Les premiers résultats de son étude lancée en mai dernier sont encourageants. 

La pandémie de coronavirus a poussé plusieurs entreprises à mettre au point des solutions pour endiguer la propagation du virus. Si certaines se sont lancées dans le développement d’application de traçage, d’autres ont choisi de modifier leurs produits pour en faire des outils de détection du virus. C’est notamment le cas de Fitbit qui a lancé une étude en mai dernier pour créer un algorithme qui permettrait de détecter le coronavirus avant le début des premiers symptômes. Pour l’entreprise américaine, les premiers résultats de son étude seraient un succès.

« En à peine plus de deux mois, plus de 100 000 utilisateurs de produits Fitbit aux États-Unis et au Canada y ont participé, avec plus de 1000 cas positifs identifiés. L’étude est l’occasion de voir dans quelle mesure la communauté Fitbit nous aidera à mieux comprendre cette nouvelle maladie si complexe », peut-on lire dans le communiqué de l’entreprise.

Les produits Fitbit ont ainsi permis de détecter les premiers symptômes du virus chez les participants malades et, dans certains cas, les wearables de la marque les ont détectés avant que les symptômes n’apparaissent. « Sur la base des résultats de notre étude, nous pouvons détecter près de 50% des cas de COVID-19 un jour avant que les participants ne signalent l’apparition des symptômes avec une spécificité de 70% », précise le communiqué.
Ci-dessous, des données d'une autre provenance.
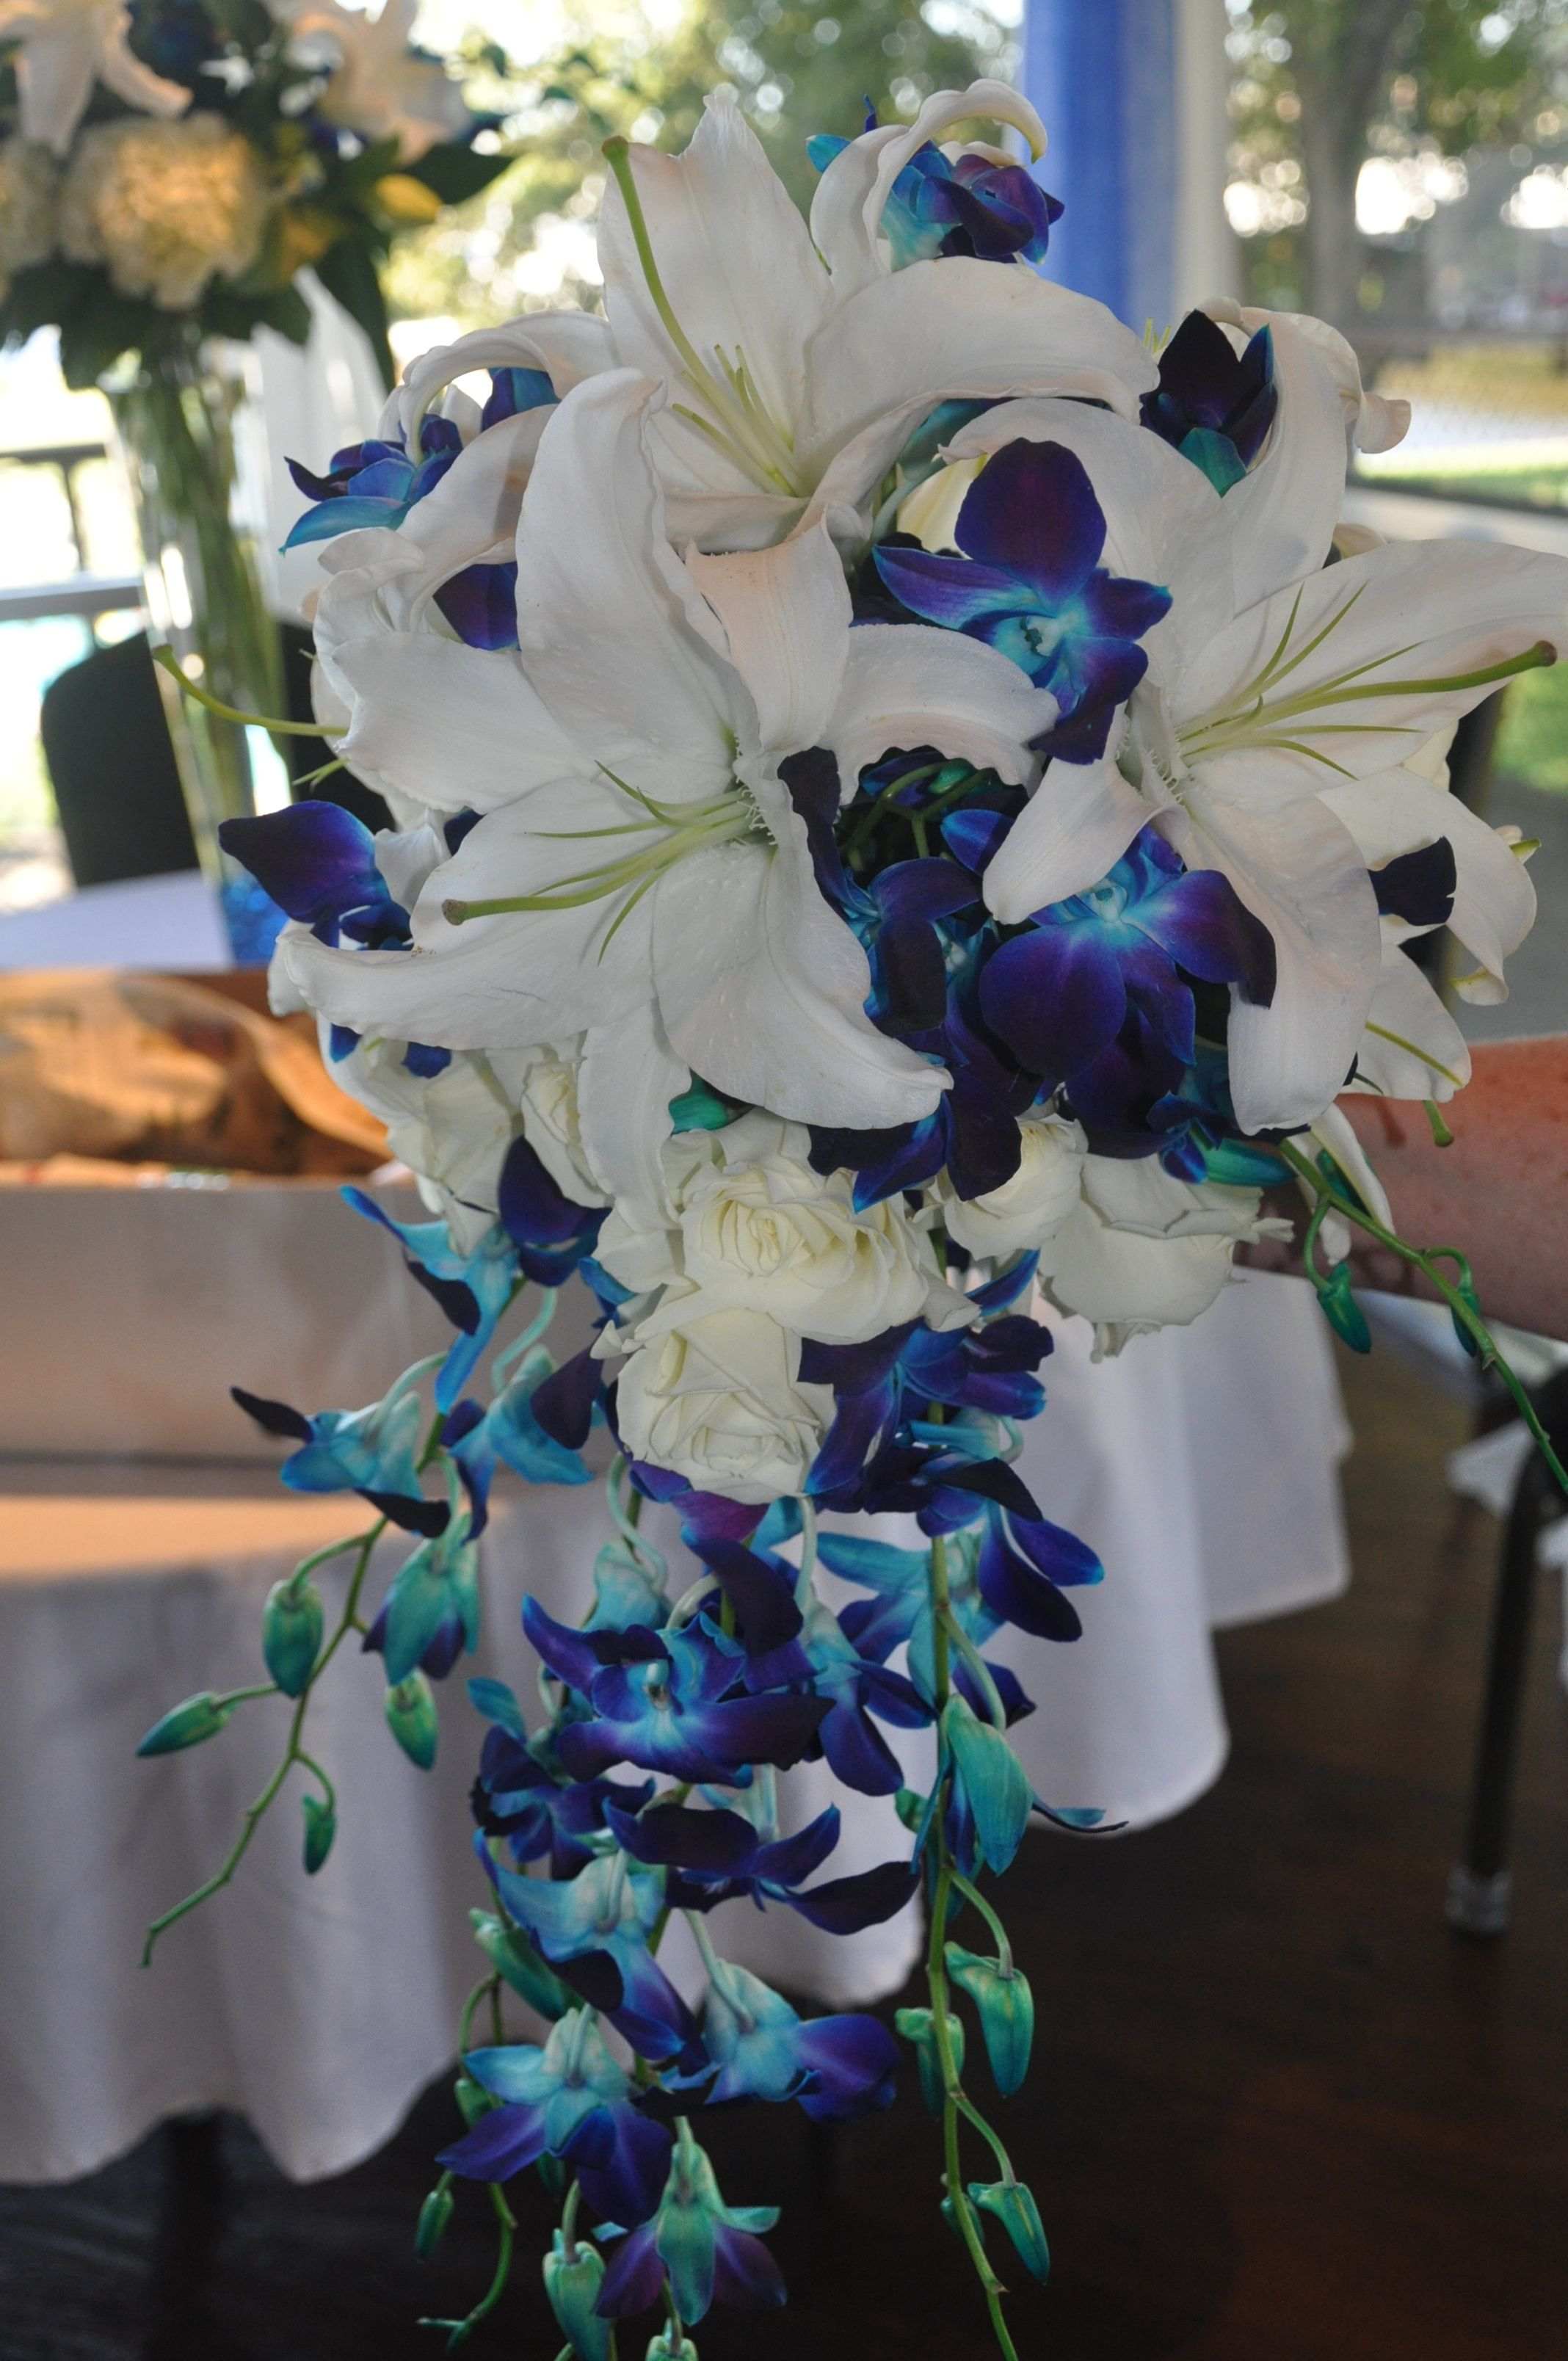 Pin By Frenchie Aragon On Wedding Decoration Ideas In 2020 Wedding Flower Guide Wedding Bridal Bouquets Bridal Bouquet Blue

Au cours de son étude, Fitbit a pu confirmer que « la fréquence respiratoire, la fréquence cardiaque au repos et la variabilité de la fréquence cardiaque (VFC) sont toutes des mesures utiles pour indiquer l’apparition de la maladie et qu’il est préférable de les suivre la nuit, lorsque le corps est au repos. Nos recherches montrent que la VFC, qui est la variation battement par battement du cœur, diminue souvent chez les personnes qui présentent des symptômes de maladie, tandis que la fréquence cardiaque au repos et la fréquence respiratoire sont souvent élevées. Dans certains cas, ces mesures commencent à signaler des changements près d’une semaine avant que les participants ne signalent des symptômes ».

Dans son rapport, l’entreprise américaine confirme également que l’âge, le sexe et l’IMC peuvent avoir un impact sur la gravité de la maladie.
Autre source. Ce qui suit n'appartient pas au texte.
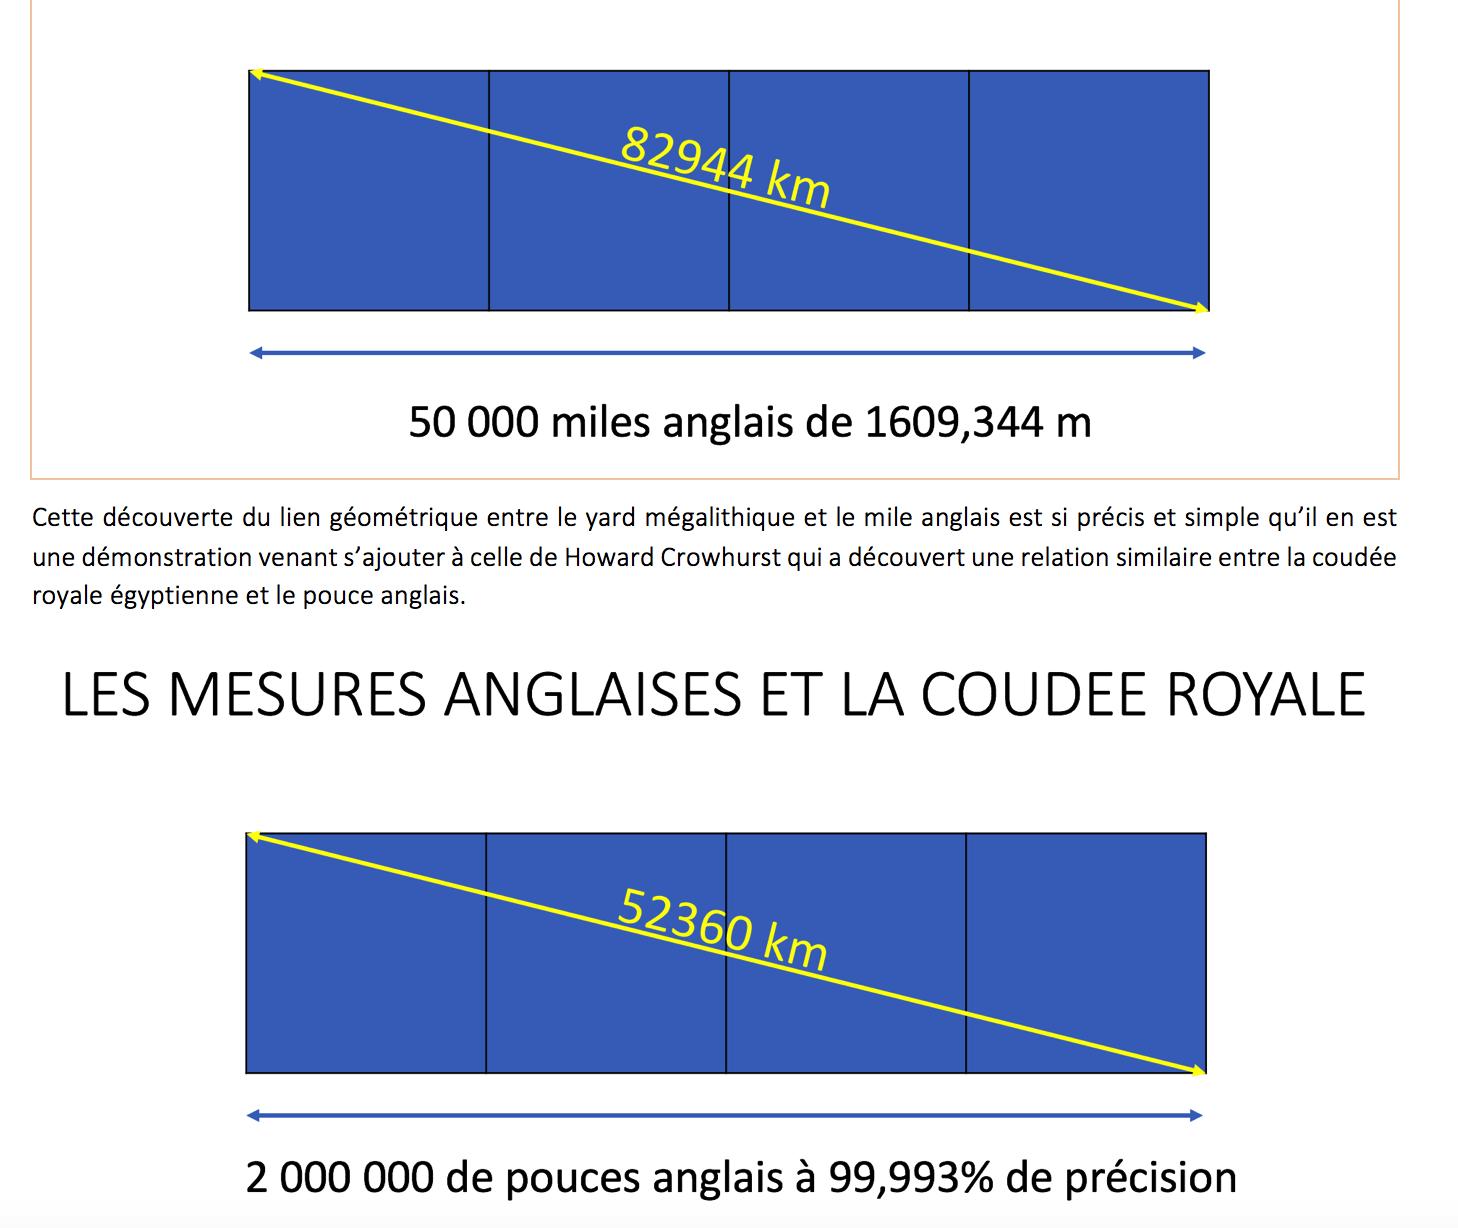 2018-06-10 21:26:59

« Nous constatons également que le symptôme le plus courant signalé par les personnes atteintes de COVID-19 était la fatigue, qui était présente chez 72% des participants déclarant avoir le COVID-19. Viennent ensuite les maux de tête (65%), les courbatures (63%), la diminution du goût et de l’odorat (60%) et la toux (59%). Il convient de noter que la fièvre n’était présente que chez 55% des personnes déclarant COVID-19, un indicateur que le dépistage de la température à lui seul peut ne pas être suffisant pour comprendre qui pourrait être infecté », indique Fitbit.
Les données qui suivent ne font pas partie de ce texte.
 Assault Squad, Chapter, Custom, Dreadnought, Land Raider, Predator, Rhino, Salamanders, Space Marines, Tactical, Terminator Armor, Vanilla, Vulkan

Si les premiers résultats sont encourageants, les gadgets Fitbit sont encore loin d’être d’une fiabilité scientifique. À l’image des fonctionnalités ECG de certaines montres connectées, ils pourraient tout de même être utiles pour leurs porteurs. En sachant qu’ils sont contaminés avant même que les premiers symptômes se manifestent, ils pourraient se mettre plus rapidement en quarantaine et ainsi éviter de contaminer d’autres personnes. Fitbit n’indique pas exactement quand la détection précoce sera proposée aux consommateurs, mais le fera « dès que possible ».